I am trying to understand the behaviour of the yield statement by building a generator which behaves similarly to the 'enumerate' built-in function but I am witnessing inconsistencies depending on how I iterate through it.
def enumerate(sequence, start=0):
n = start
for elem in sequence:
print("Before the 'yield' statement in the generator, n = {}".format(n))
yield n, elem
n += 1
print("After the 'yield' statement in the generator, n = {}".format(n))

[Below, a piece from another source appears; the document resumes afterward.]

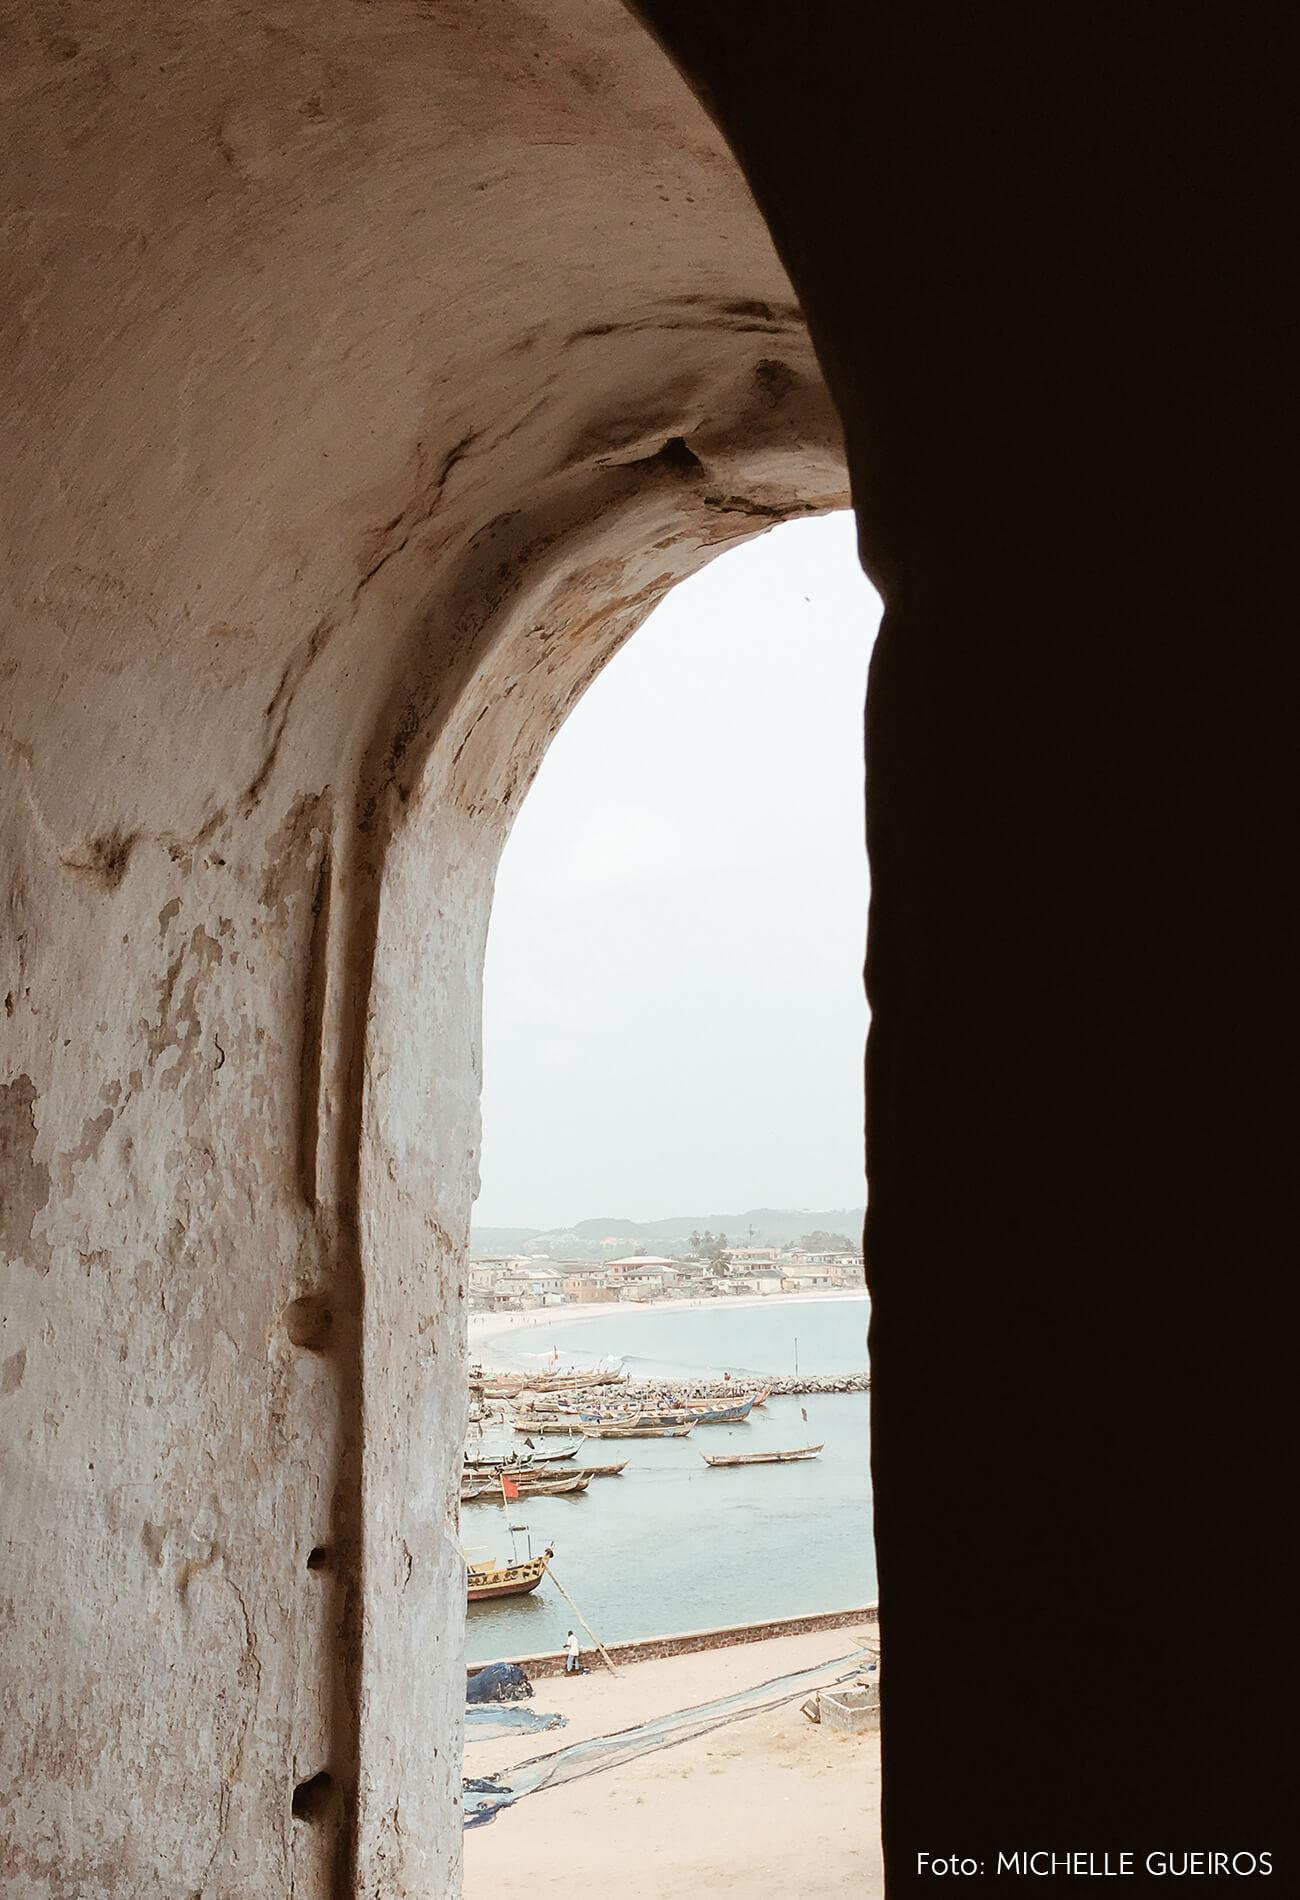 Gana viagem Castelo praia

My understanding of generators is that the execution of the code will stop once a yield statement has been reached, upon which it returns a value. This matches what I get with the script below.
a = 'foo'
b = enumerate(a)
n1,v1 = next(b)
print('n1 = {}, v1 = {}\n'.format(n1,v1))
n2,v2 = next(b)
print('n2 = {}, v2 = {}'.format(n2,v2))
In this case, the generator seems to stop exactly at the yield statement and resumes in the n+=1 one with the second 'next' statement:
Before the 'yield' statement in the generator, n = 0
n1 = 0, v1 = f
After the 'yield' statement in the generator, n = 1
Before the 'yield' statement in the generator, n = 1
n2 = 1, v2 = o
However, if I use the for loop below, the generator does not seem to stop at the yield statement.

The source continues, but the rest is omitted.